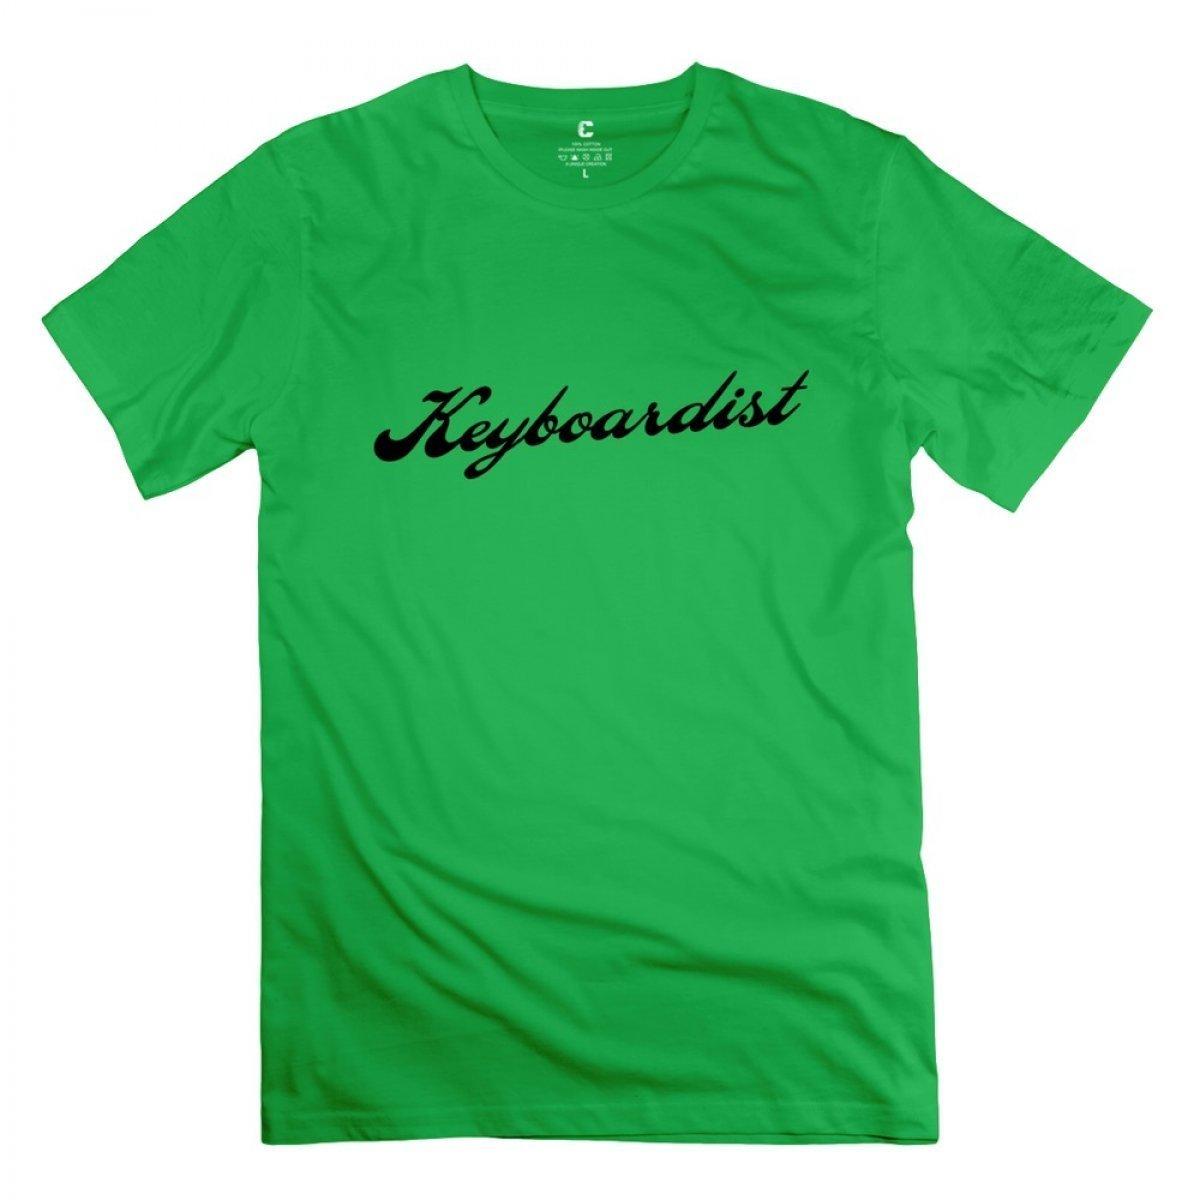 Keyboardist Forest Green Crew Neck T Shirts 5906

==============================

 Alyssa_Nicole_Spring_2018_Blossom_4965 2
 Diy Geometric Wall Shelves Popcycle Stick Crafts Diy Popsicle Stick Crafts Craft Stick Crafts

==============================

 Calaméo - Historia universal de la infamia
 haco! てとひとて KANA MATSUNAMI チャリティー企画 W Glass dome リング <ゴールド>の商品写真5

==============================

[Exercise objective]
After locating the line holding "Alyssa_Nicole_Spring_2018_Blossom_4965 2" above, output exactly that line and every line after it through the line holding "Diy Geometric Wall". Include nothing else.

[Completed exercise]
 Alyssa_Nicole_Spring_2018_Blossom_4965 2
 Diy Geometric Wall Shelves Popcycle Stick Crafts Diy Popsicle Stick Crafts Craft Stick Crafts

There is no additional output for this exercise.